Прошло пять лет после того пожара, уничтожившего половину нижнего города. Прапорщик Петр Григорьев рассказал, что огонь пожрал Духовскую, Богоявленскую-Христокрещенскую церкви, деревянный, старый гостиный двор, государеву пристань на Ушайском озере, хлебные амбары и сотни больших и малых домов. Город перестал быть городом, словно тут сказочный Змей Горыныч пролетел.
На месте иных усадеб торчали только закопченные печные трубы. Дома не восстанавливали потому, что в Петербурге готовился особенный план восстановления Томска. Прежний облик города остался на чертеже, который в 1767 году сделал при помощи камеры-обскуры этот самый прапорщик, он же – начальник томской геодезической и штурманской школы геодезии. А после пожара он составил и план перестройки города. План в столице уже рассмотрели, и поправил его известный архитектор Лем.
Петр Григорьев горячо говорил коменданту о том, что новый город надо делать исключительно из камня и кирпича. И при этом спрямить старые кривые улицы, устраивать в пристойных местах обширные площади с водосборными бассейнами. В те резервуары вода подводилась бы от ключей и родников по деревянным лиственничным трубам.
Инженер-капитан Сергей Плаутин показал Томасу уже имевшиеся в верхнем городе каменные строения: цейхгауз неподалеку от старого собора и палату городского архива. Плаутин рассказал о планах перестройки верхней части города. Этим займутся военные строители. А в нижней части Томска Григорьев уже начал строительство каменного гостиного двора, на месте прежнего, сгоревшего, на берегу Томи. После прогулки Девильнев поднес капитану и прапорщику по бокалу настойки, которую мастерски готовила из смородины Франсуаза. Петр Григорьев расстелил на столе план прежнего, сгоревшего Томска. Франсуаза заглянула в этот план и сказала:
– О! Это не есть Пари![25]
Нет, не Париж! Нет!– Медам! – улыбнулся Петр Григорьев. – Пусть это зарисован не Париж. Но мы построим для вас новый Томск, в точности похожий на французскую столицу! Там будет свой Версаль. А Сена уже есть у нас! Выгляните в окно! Вон она течет! Это наша река Томь! Она более широка и полноводна, чем Сена, и более чиста. И, что немаловажно, изобилует вкуснейшей рыбой!

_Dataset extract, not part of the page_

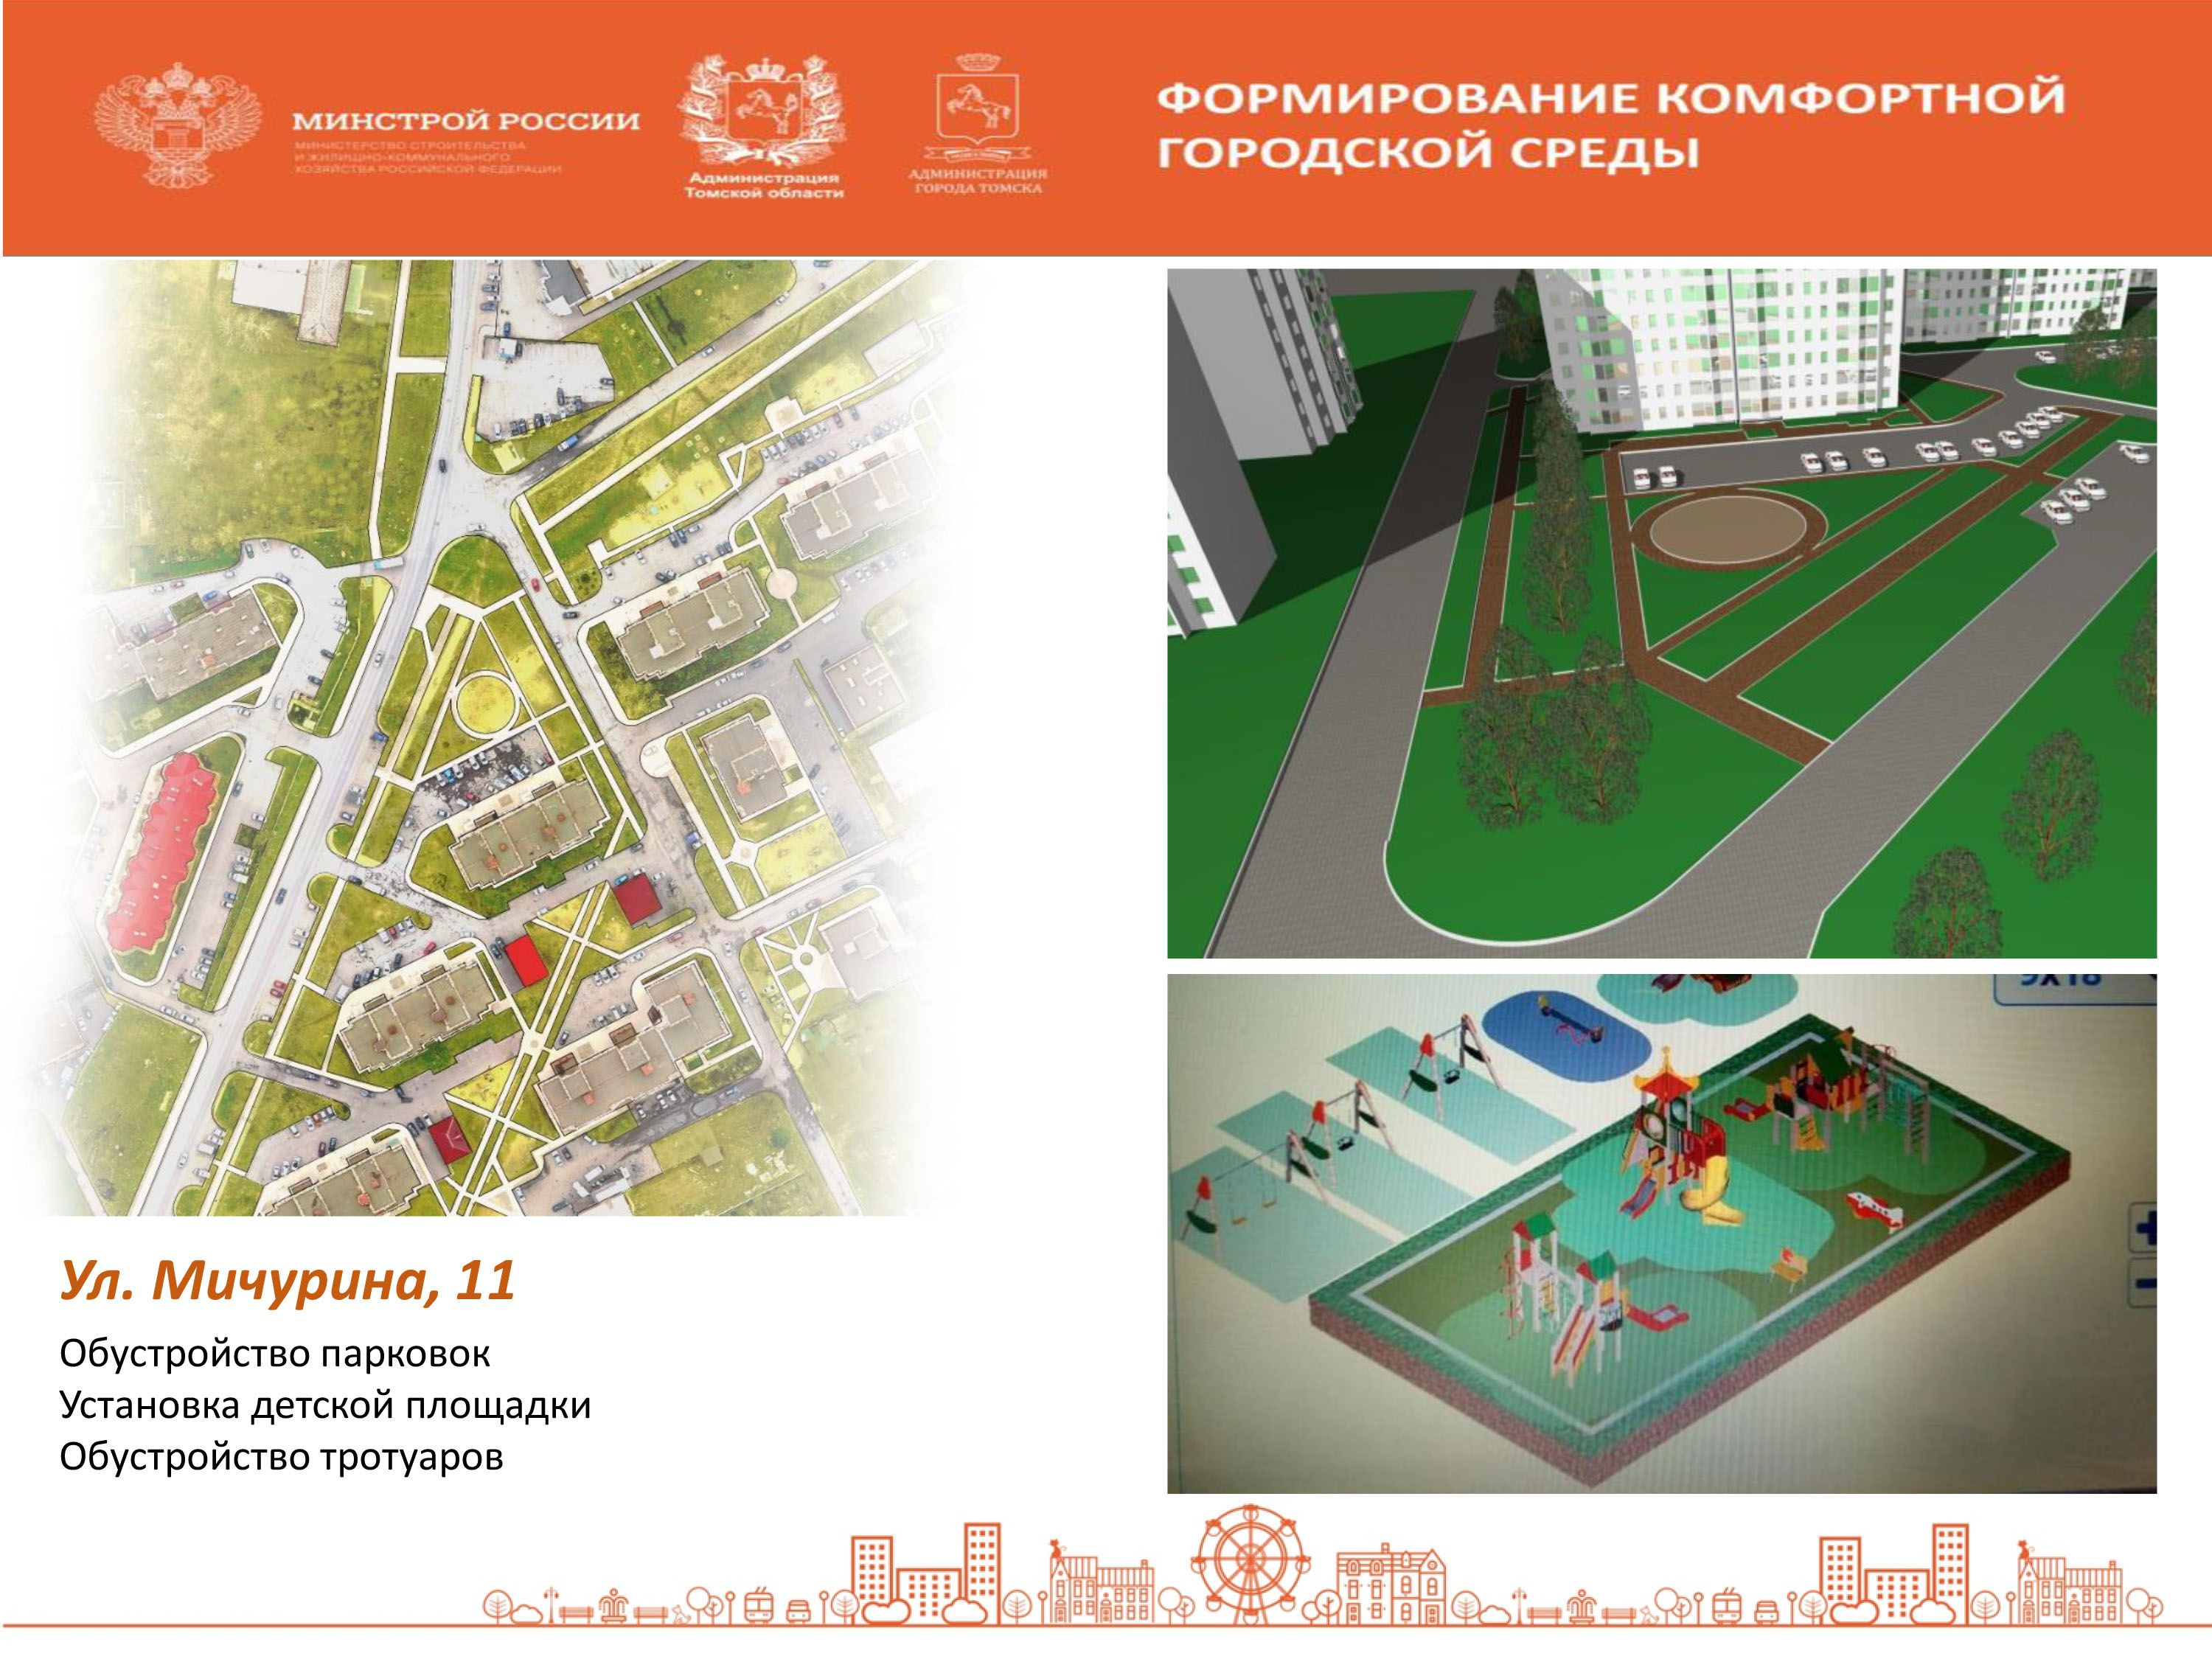 Общественные пространства в городе Томске. Выбирайте общественные пространства для благоустройства. Бюллетень голосование комфортная городская среда. Программа развития общественных пространств РТ.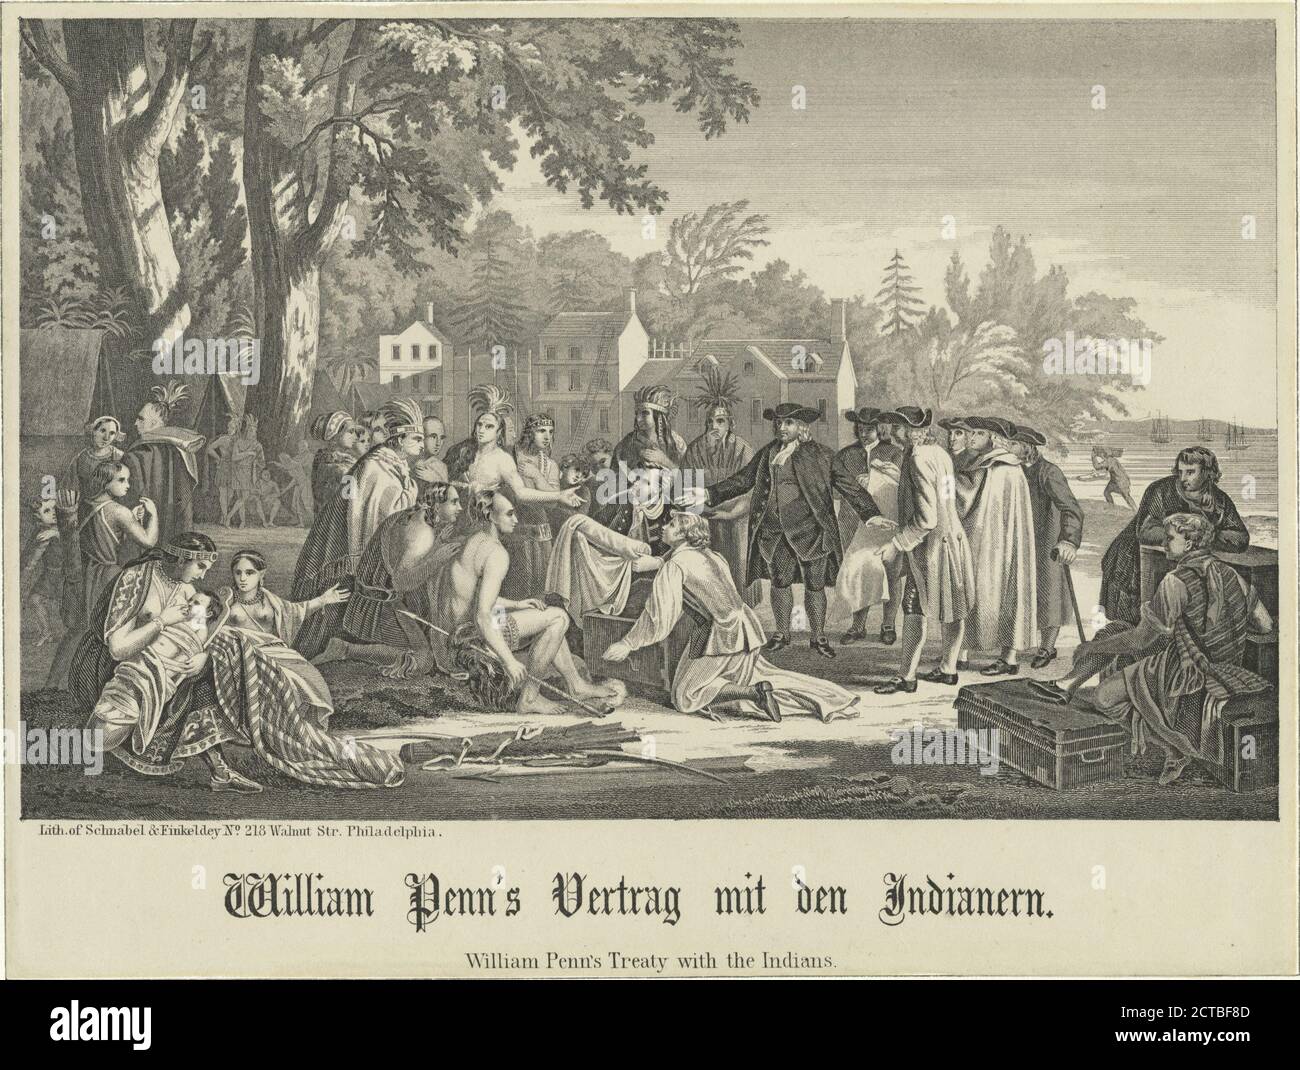 William Penn's Vertrag mit den Indianern., still image, Prints, 1777 - 1890, Schnabel & Finkeldey Stock Photo

Девильнев заговорил с инженер-капитаном о своем комендантском доме.
– Я его уже создал в своей голове. Он будет неподалеку отсюда. Это будет дворец в романском стиле. Каменный первый этаж и деревянный мезонин, с мансардами и лестничными переходами. В усадьбе я разобью парк, создам оранжерею. Из подвала моего дома пройдет подземный ход. Он будет вести к каменному замку у самого обрыва, над крутой дорогой, спускающейся с горы. Замок будет тюрьмой для особо важных шпионов и разбойников, там же будет кордегардия, гауптвахта для провинившихся офицеров ее величества. Когда план будет готов, я попрошу вас внести в него свои коррекции. Хочу иметь типичное французское подворье, с оранжереями, сараями и погребами.
Разговор шел всё оживленнее. И в это время доложили, что к коменданту по вызову явился ссыльный Ван Суслонов. Старый знакомец все еще донашивал китайскую солдатскую форму, синий халат и матерчатый треух. И косу не остриг.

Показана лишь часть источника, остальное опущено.